* **Work to be completed**: Read through the records below and copy each line that uses the word "CHANEL".

* **Data for review**:
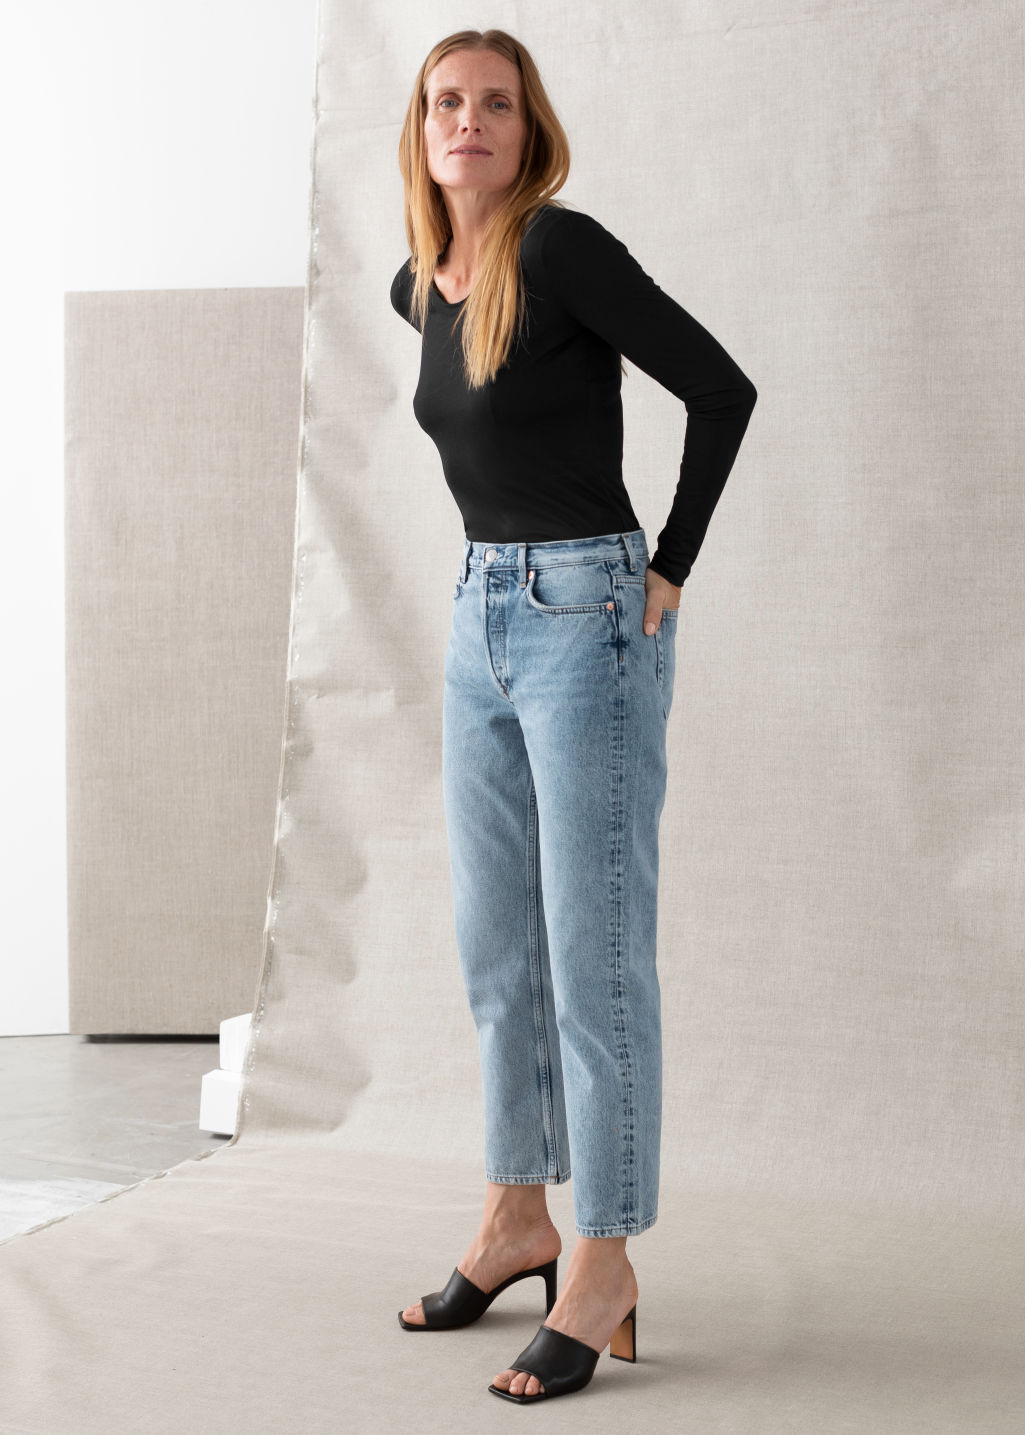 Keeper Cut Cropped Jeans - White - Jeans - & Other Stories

--

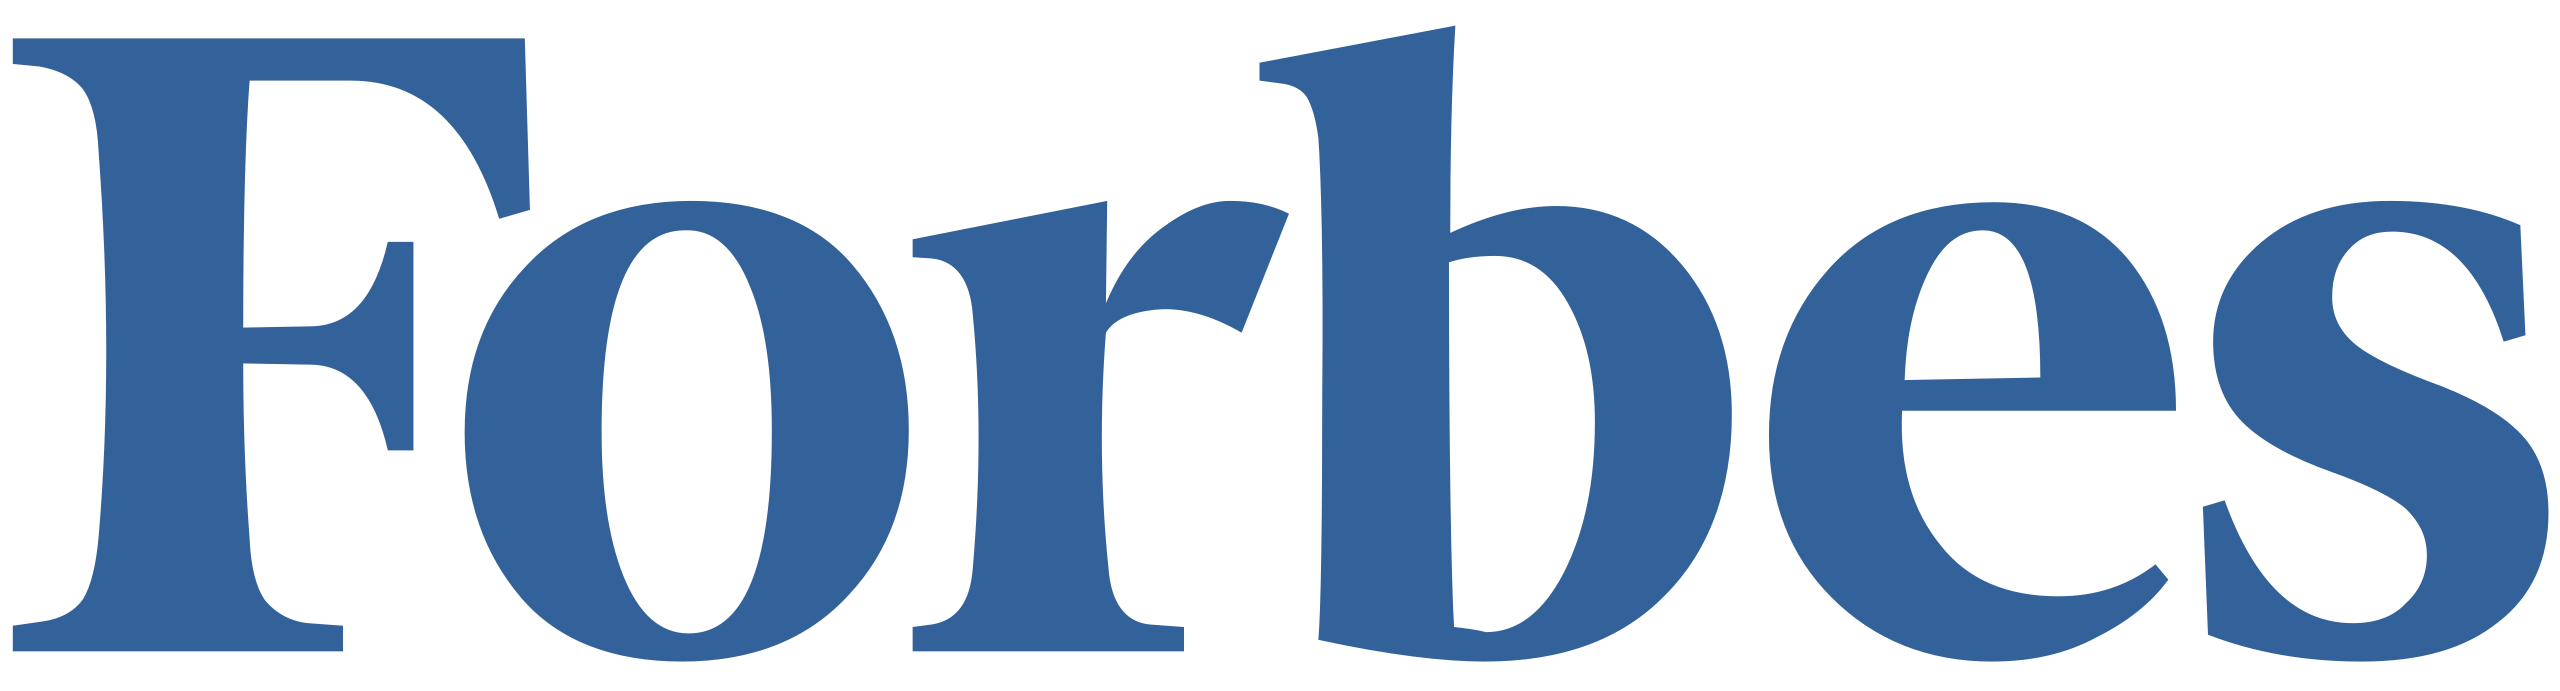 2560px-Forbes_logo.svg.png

...

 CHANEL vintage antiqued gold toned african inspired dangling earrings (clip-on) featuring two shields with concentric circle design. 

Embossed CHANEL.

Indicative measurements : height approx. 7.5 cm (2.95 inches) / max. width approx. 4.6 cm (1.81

* **Result of this exercise**:
 CHANEL vintage antiqued gold toned african inspired dangling earrings (clip-on) featuring two shields with concentric circle design. 
Embossed CHANEL.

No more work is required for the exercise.